The Commissioner of Taxation (Commissioner) assessed the Deposits as ordinary income of the Property Trust, with a consequential increase of the Property Trust’s net income under section 97 of the Income Tax Assessment Act 1936. The taxpayers, as presently entitled beneficiaries to a share of the net income of the Property Trust, were issued amended assessments and a 50% penalty for recklessness.

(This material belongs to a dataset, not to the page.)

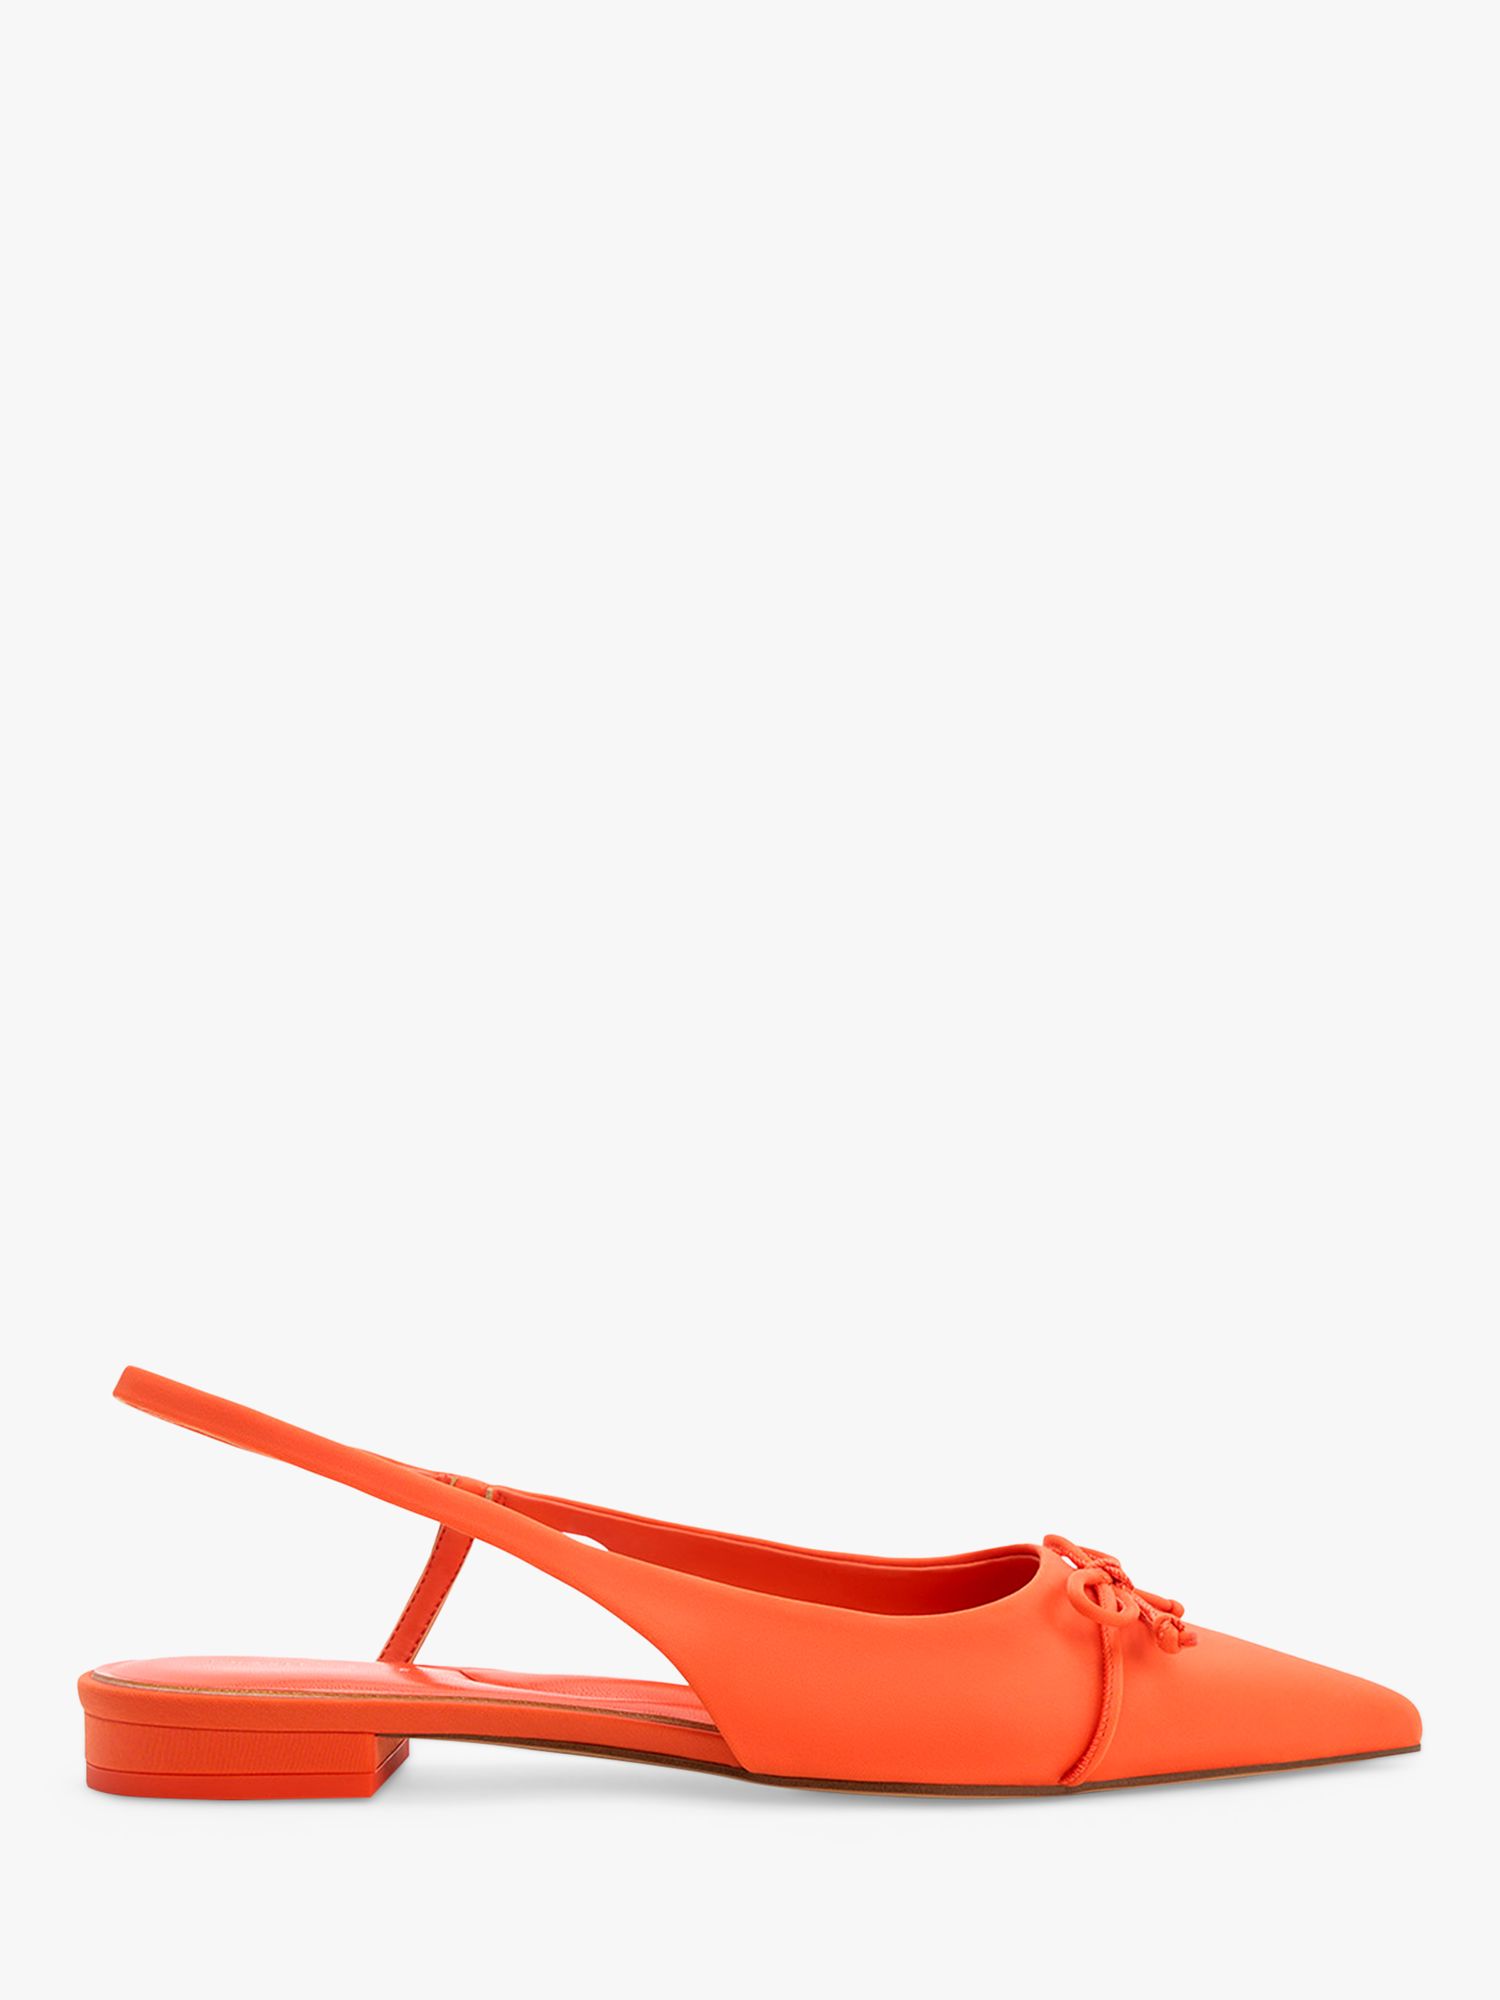 CHARLES & KEITH Bow Detail Pointed Pumps, Orange at John Lewis & Partners

The taxpayers objected, arguing that the Deposits were a mix of debt and equity contributions to the Property Trust from the taxpayers’ parents.
Relevant law:
Paragraph 14ZZK(b)(i) of the Taxation Administration Act 1953 provides the following:
14ZZK Grounds of objection and burden of proof
On an application for review of a reviewable objection decision:
the applicant is, unless the ART orders otherwise, limited to the grounds stated in the taxation objection to which the decision relates; and
the applicant has the burden of proving:
if the taxation decision concerned is an assessment—that the assessment is excessive or otherwise incorrect and what the assessment should have been; or
in any other case—that the taxation decision concerned should not have been made or should have been made differently.
In tribunal proceedings, when there is an assessment, it is the taxpayer who has the burden of proving that the assessment is excessive and proving what the assessment should have been. This burden of proof stays with the taxpayer during any appeals, including appeals started by the Commissioner.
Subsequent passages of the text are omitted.